— Task goal —
In the listing that follows, find the line with "maritime-003-blured", then copy exactly from it through the line with "Copy of tornei", leaving out every picture.

— Provided material —
◇ ◇ ◇ ◇

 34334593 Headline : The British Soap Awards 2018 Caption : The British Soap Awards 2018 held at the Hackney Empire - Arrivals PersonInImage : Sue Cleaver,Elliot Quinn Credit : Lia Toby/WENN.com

◇ ◇ ◇ ◇

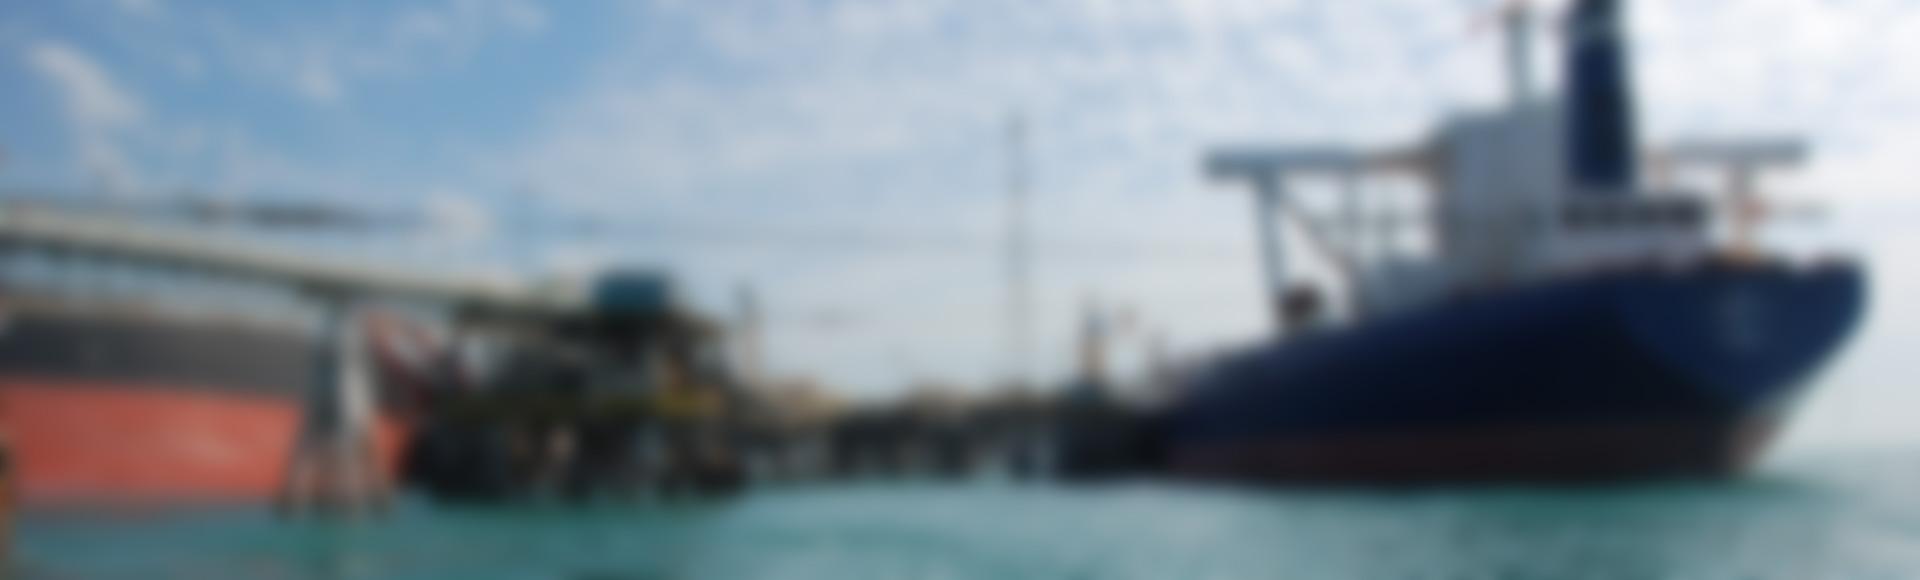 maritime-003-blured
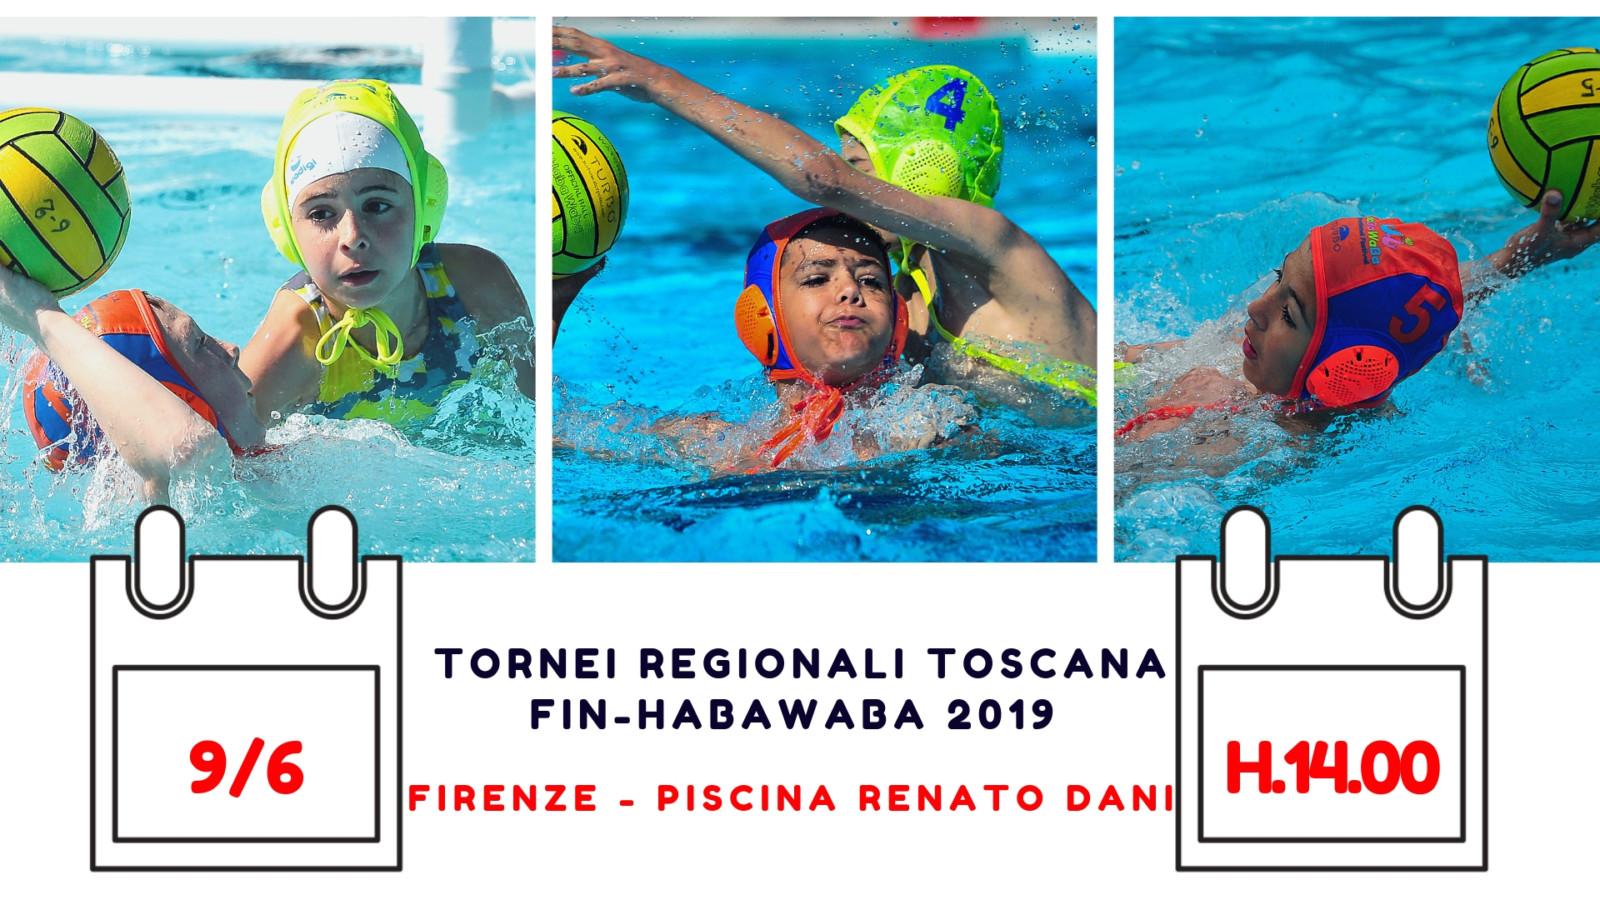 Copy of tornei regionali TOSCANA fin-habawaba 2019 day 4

◇ ◇ ◇ ◇

— Exercise response —
 maritime-003-blured
 Copy of tornei regionali TOSCANA fin-habawaba 2019 day 4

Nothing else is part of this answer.